→ EXERCISE REQUIREMENTS:
Without pictures, return the lines from the one containing "Cera para barba de Benjamin Bernard" through the last line of the data below, exactly.

→ RECORDED DATA:
# # # # #
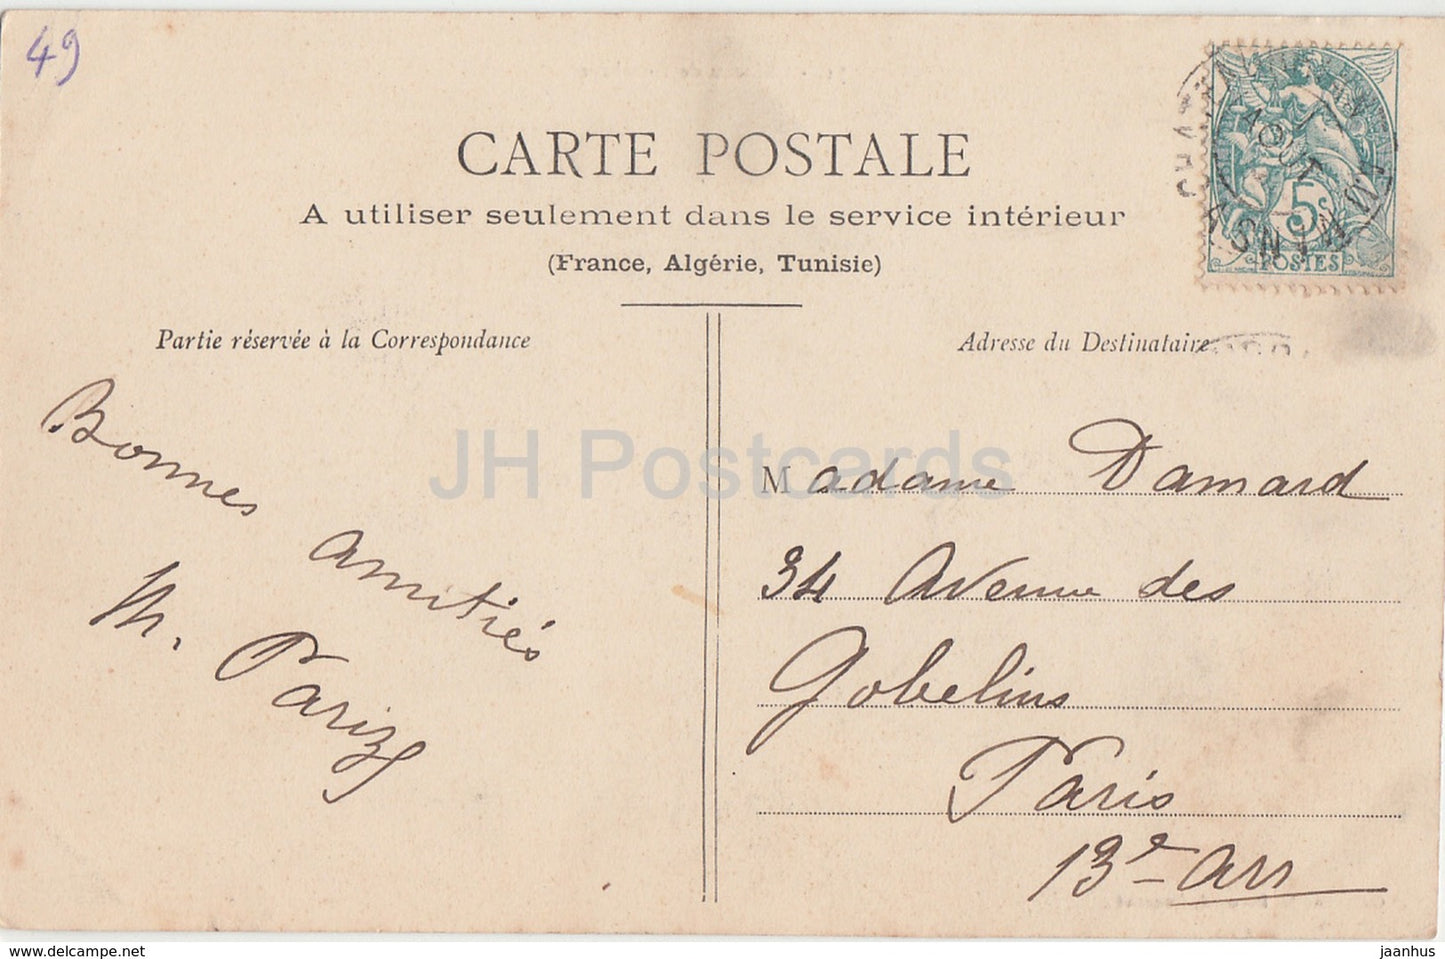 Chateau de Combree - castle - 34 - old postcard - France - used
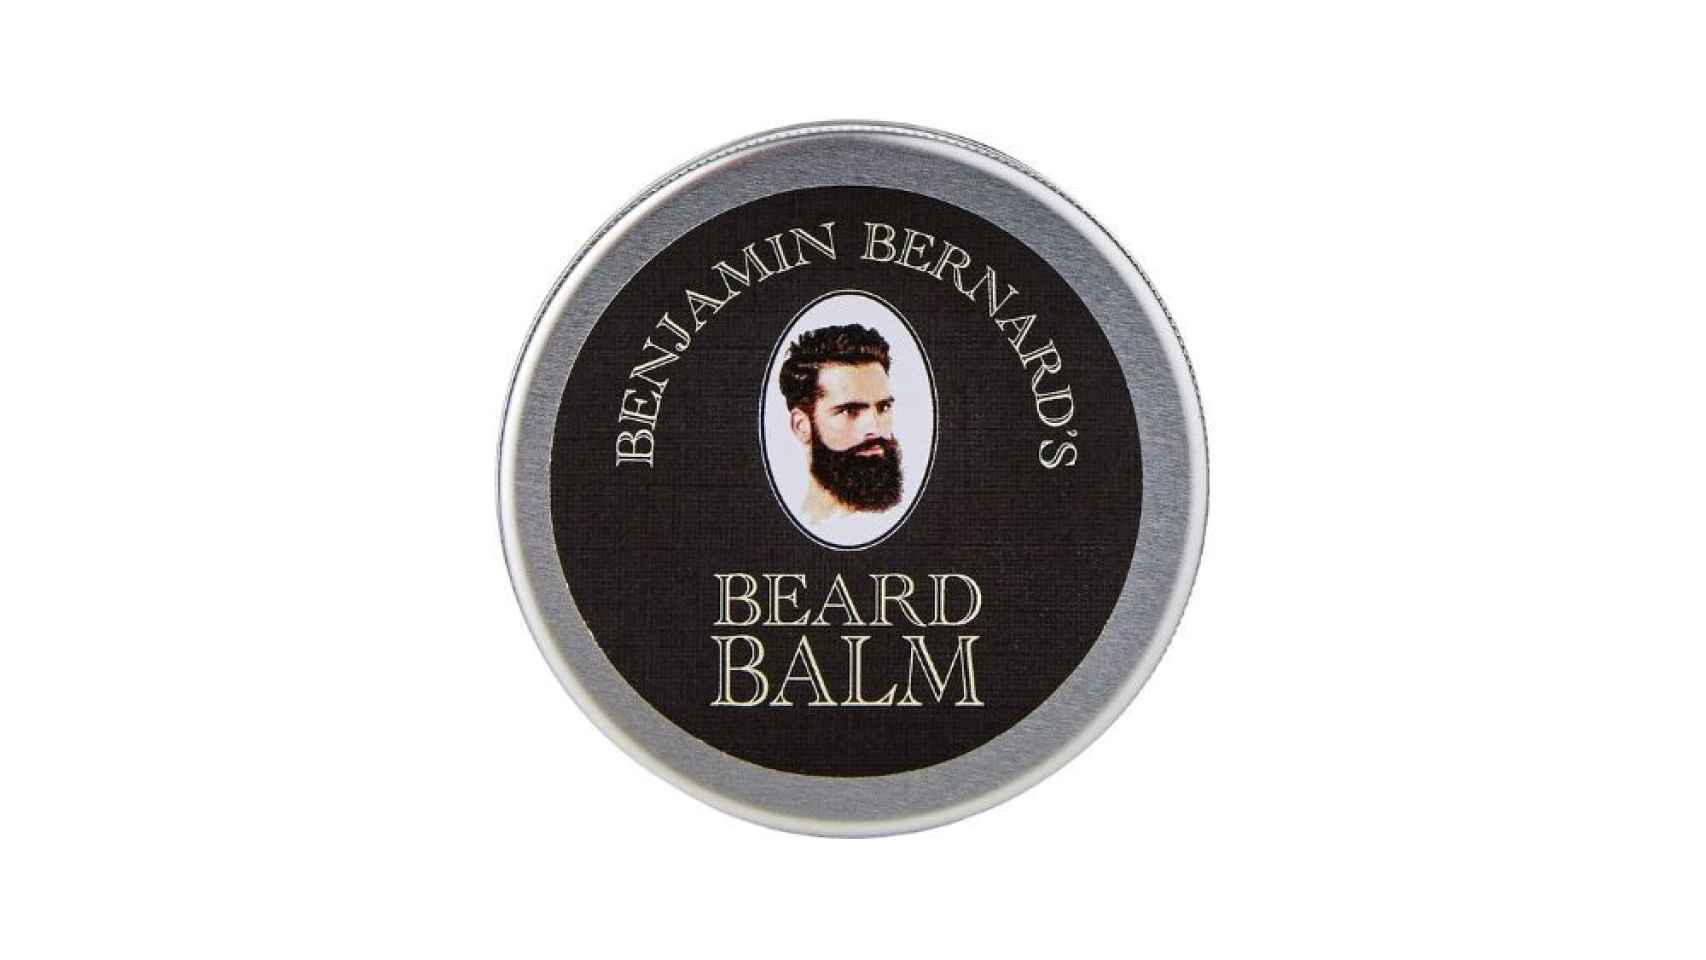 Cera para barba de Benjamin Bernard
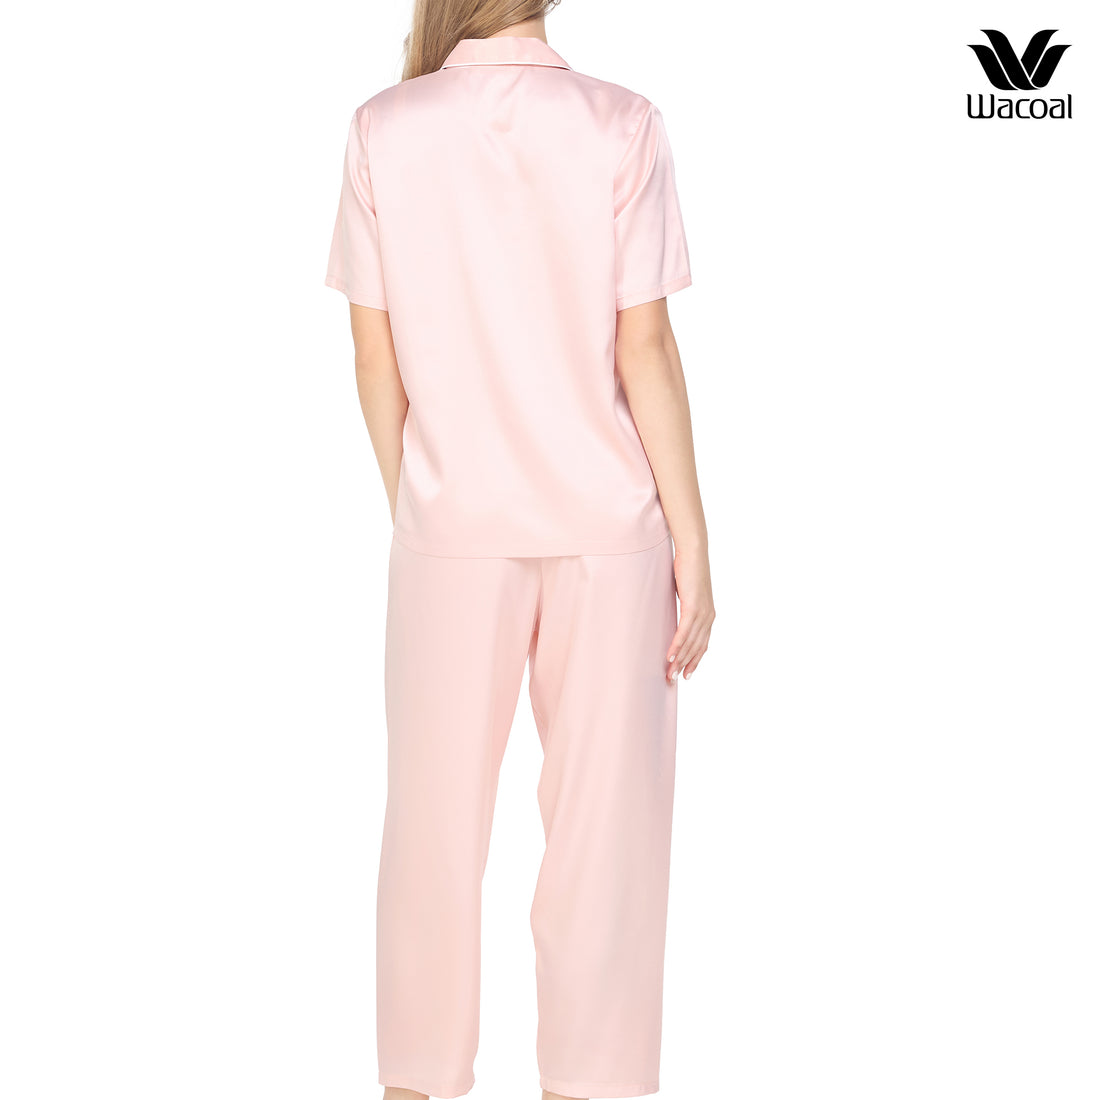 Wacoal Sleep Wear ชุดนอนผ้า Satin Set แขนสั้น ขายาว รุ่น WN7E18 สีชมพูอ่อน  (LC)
# # # # #
→ OUTPUT:
 Cera para barba de Benjamin Bernard
 Wacoal Sleep Wear ชุดนอนผ้า Satin Set แขนสั้น ขายาว รุ่น WN7E18 สีชมพูอ่อน  (LC)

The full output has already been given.